The HP-UX C compiler prefers to have 32-bit variables aligned on 32-bit boundaries. In SPL and SPLash!, it is common to have 32-bit variables aligned on 16-bit boundaries. The interface layer for Qedit was much more complicated than any of the other interfaces that we had written. Because the interface was more sophisticated, large data structures had to be passed between SPLash! and C routines. We had to carefully implement these structures so that all 32-bit variables were aligned on 32-bit boundaries. We also had to insure that these structures themselves started on a 32-bit boundary.

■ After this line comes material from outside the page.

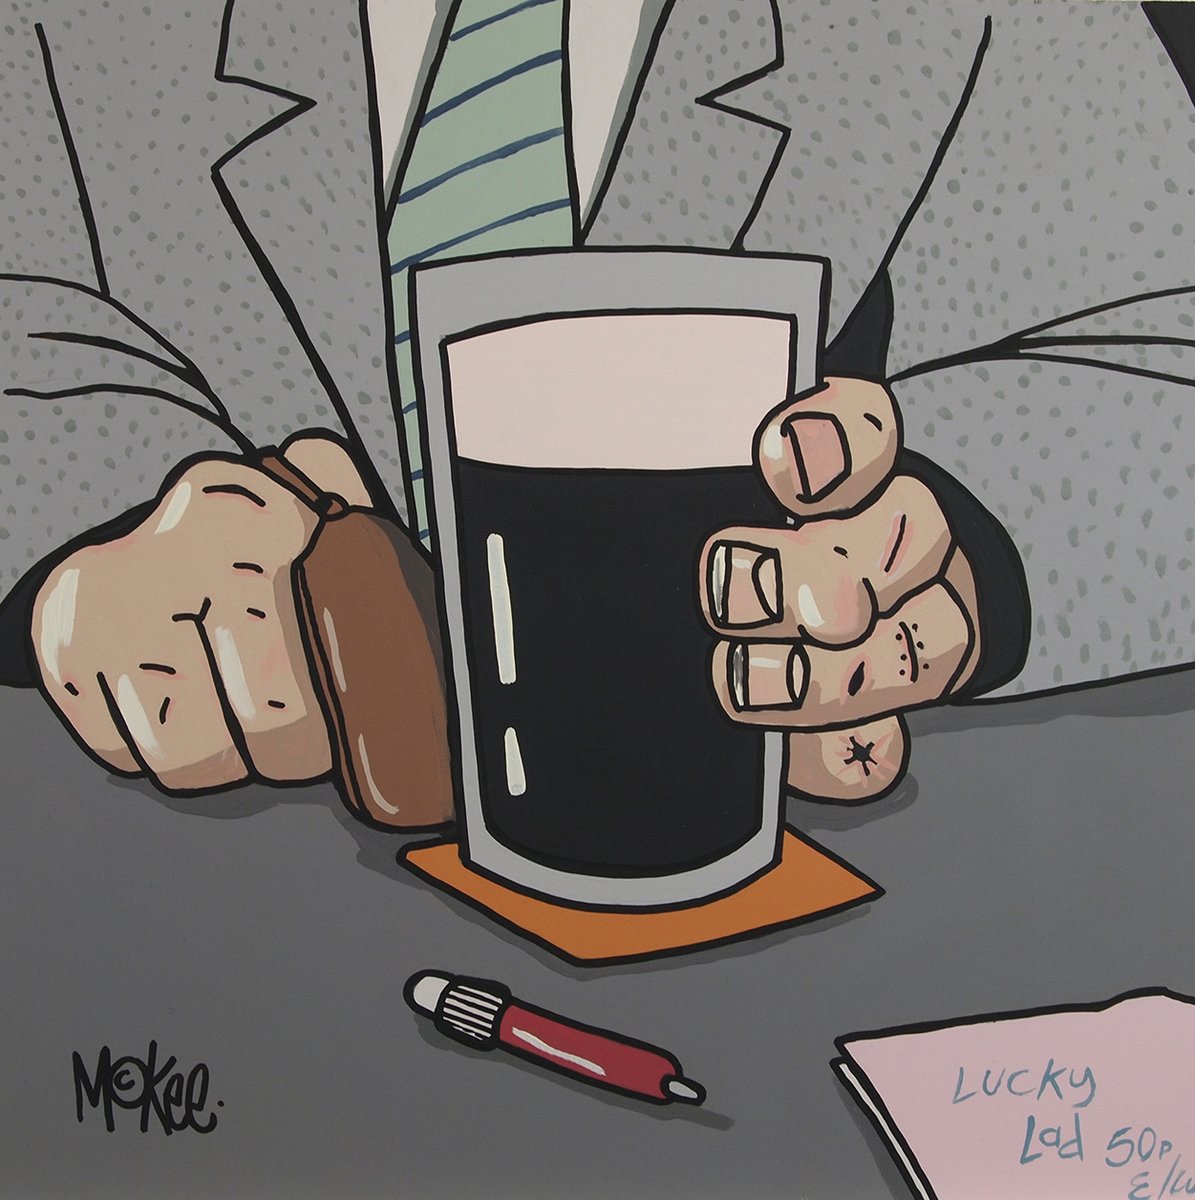 📢@PeteMcKee is looking to track down some of his key original artworks to form part of a major new exhibition at Weston Park Museum this autumn and needs your help! 📢 Find out more 👇sheffieldmuseums.org.uk/news/pete-mcke…

You can force SPLash! to allocate arrays on 32-bit boundaries by making the arrays virtual. This often has unexpected side-effects (e.g., you cannot pass a virtual integer array to an option splash procedure that is only expecting an integer array). In Qedit, we ended up doing the following. We would allocate one more word of storage than was necessary and then would have code

that looked like this:

if @ext’record mod 2 <> 0 then

@ext’record := @ext’record(1); ! assumes integer array

This code fragment adjusts the start of the ext’record structure if it does not start on a 32-bit boundary

“New” Files

The Qedit Redo module requires a “new” file which, on MPE, you cannot see with Listf or Listftemp. HP-UX does not have new files, but there is a solution. For the invisible scratch files needed by a program, you use the following algorithm on HP-UX:

get a temporary filename (use tmpnam or tempnam)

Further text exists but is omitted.